Главенство над Церковью. Прямо связано с тем, что Иисус посылает Святого Духа, и возникновение Церкви, для которой Иисус становится Творцом и Господом. После Пасхи именно создание Церкви – важнейшее событие Нового Завета. Иисус Евангелия от Матфея провозглашает, что Он строит Свою Церковь (Мф.16:18). Сейчас Он – как повествует Павел – глава «тела Христова». (1Кор.12–14; Кол.1:18, 24). Церковь существует в «Боге Отце и Господе Иисусе Христе» (1Фес.1:1; сf. 2Фес.1:1) Беседуя с Павлом перед его обращением в книге Деяний, Иисус спрашивает: «Почему ты преследуешь Меня?», имея в виду, что Павел гонит Церковь. Связь Иисуса и Церкви очень крепка. В Послании к Ефесянам сказано, что Иисус «питает и греет» Церковь (Еф.5:29), так как Церковь и Христос едины, и в этом единстве – «тайна... велика» (5:32).

Вселенская власть и Суд. Несомненно, в Евангелиях Иисус изображен как обладающий огромной властью – повторим уже приведенные примеры – на земле. Он имеет власть отпущения грехов и власть над днем Субботним (Мк.2:10, 28). Как свидетельствуют Матфей и Лука, Иисус говорит, что эта власть дана Ему Богом (Мф.11:27/Лук.10:22). Тем не менее, разные авторы считают вполне обоснованным то, что в Его состоянии Воскресения и святости Он реализует эту власть иначе, не так, как ранее. Давая ученикам Великое Поручение, Иисус провозглашает: «Дана Мне всякая власть на небе и на земле». (Мф.28:18). Не вполне ясно, в чем состоит различие этой «всякой власти» от «всего, что предано Иисусу Отцом Его» в Мф.11:27, но, как кажется, эти слова указывают на преумножение Его власти. Кроме того, Иисус, Который до этого выступал как Спаситель, теперь становится Судьей.

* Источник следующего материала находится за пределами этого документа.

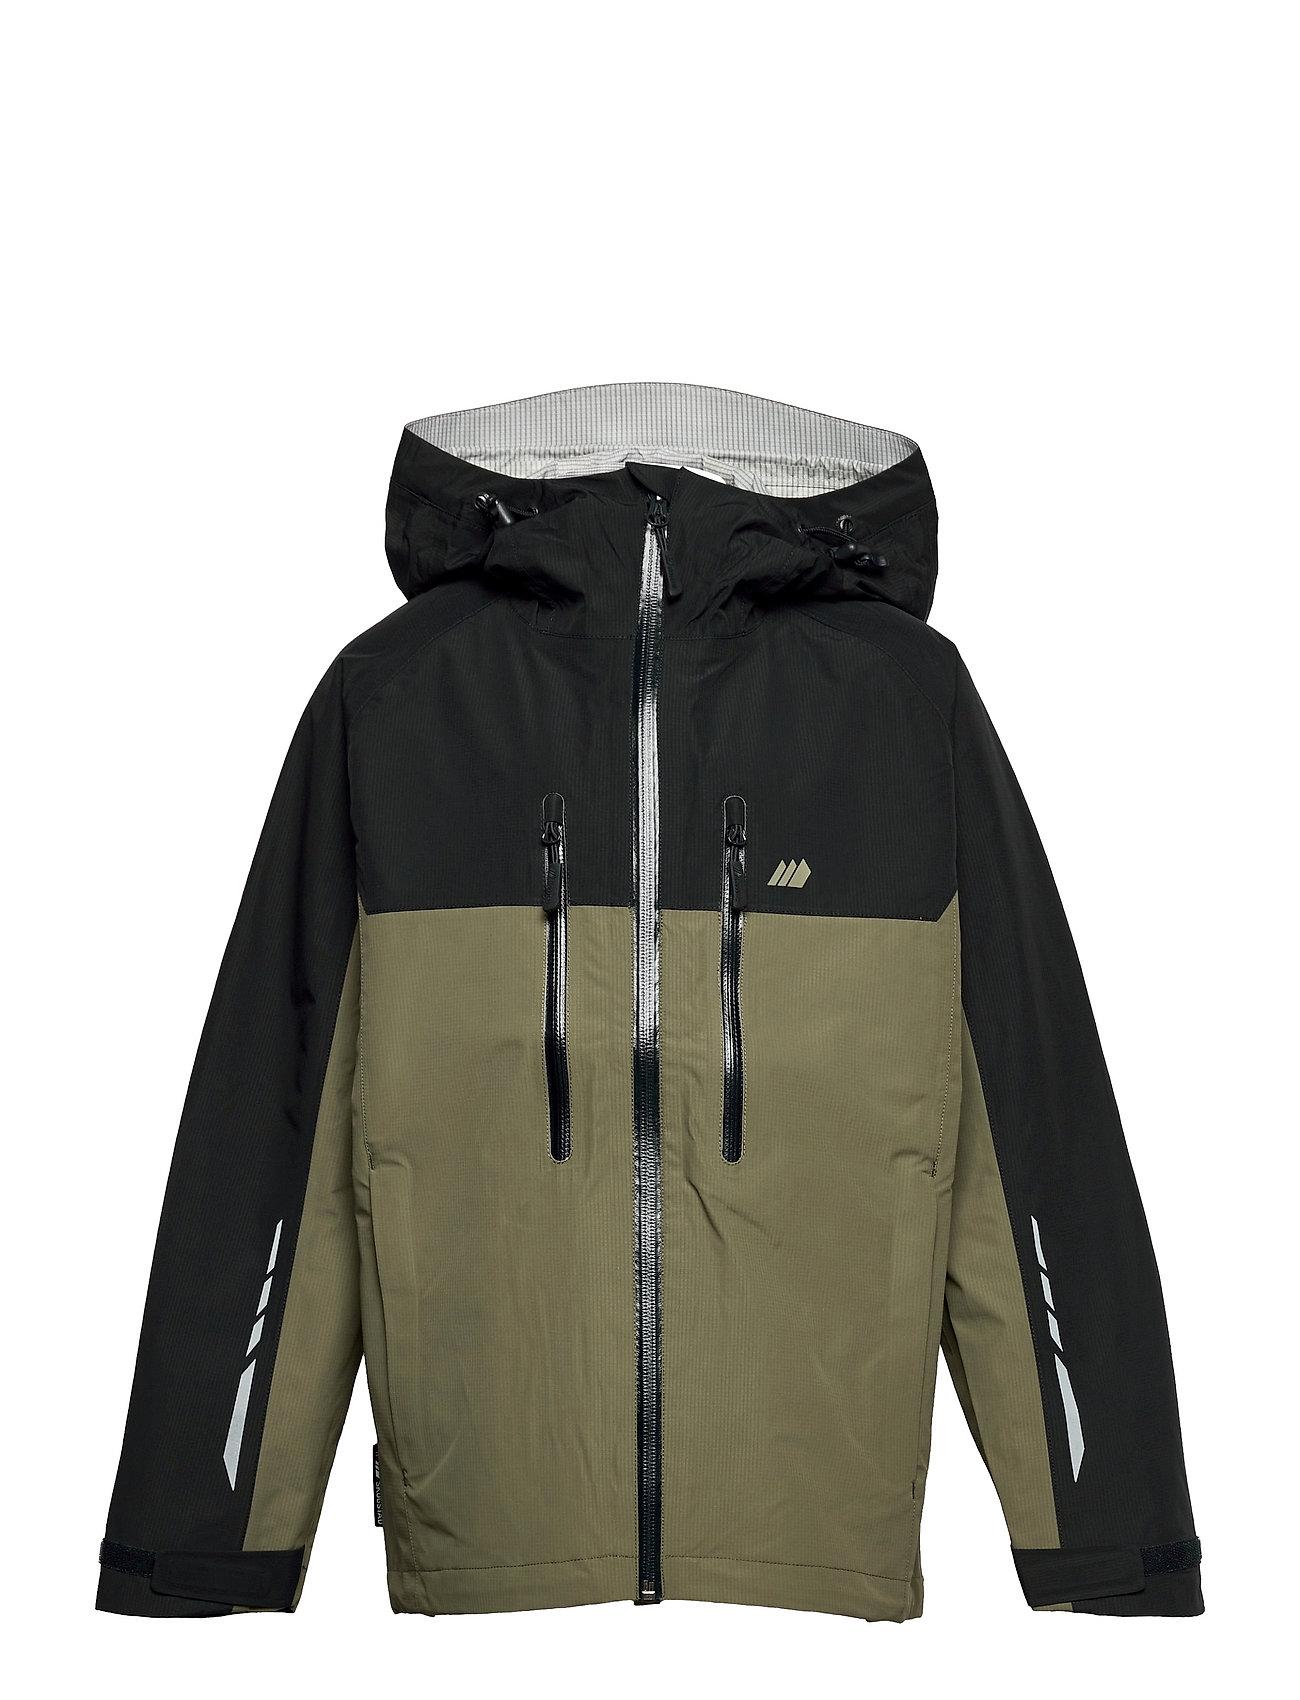 Skarfjellet 2,5-Layer Technical Shell Jacket Outerwear Shell Clothing Shell Jacket Grøn Skogstad

В Евангелии от Иоанна Иисус, несколько предвосхищая события (подразумевая, что это событие вот-вот произойдет), незадолго до своей смерти возвестил: «Я победил мир» (Ин.16:33), со словами «князь мира сего изгнан будет вон» (12:31; 14:30–31; 16:11). Воскресший Иисус – не только Господин Церкви, но и, как сказано в Деяниях Апостолов и Послании к Римлянам, «Господь всех» (Деян.10:36; Рим.10:12). «Ибо Христос для того и умер, и воскрес, и ожил, чтобы владычествовать и над мертвыми, и над живыми» (Рим.14:9). Таковы условия Его дальнейшей миссии Судии.

Все это лишь приблизительная картина различных результатов Его Воскресения: (1) Исчезают ограничения и слабости физической природы Иисуса до Воскресения; (2) Он достиг высоты, предполагающей возможность ниспослания Духа; (3) Он стал Главой Церкви и создателем ее; и (4) Его Вселенская власть стала проявляться иначе и достигнет апогея во время Его возвращения как Судии.

Так что же случилось при переходе Иисуса в прославленное состояние?

Насколько эти четыре результата меняют природу, статус или позицию Иисуса? Что касается первого пункта, освобождения от физической слабости, страдания, смерти, то это, скорее, возвращение к прежнему качеству бытия, чем переход в принципиально новое физическое состояние. Второй пункт (ниспослание Иисусом Божественного Духа) представляет интерес; это особая веха в истории Спасения. Разумеется, это не значит, что изменились личность или природа Иисуса; у Него просто появляется еще одно новое дело – ниспосылать Духа, а именно, ниспосылает Дух. Важно помнить, что Бог-Отец также участвует в этом деянии и это, разумеется, не значит, что Бог меняет свою природу или сущность, ниспосылая Дух. Аналогичным образом, то, что Иисус стал Главой Церкви (третий пункт), это хотя и новое дело для Него, но лишь потому, что Церковь не существовала до Него.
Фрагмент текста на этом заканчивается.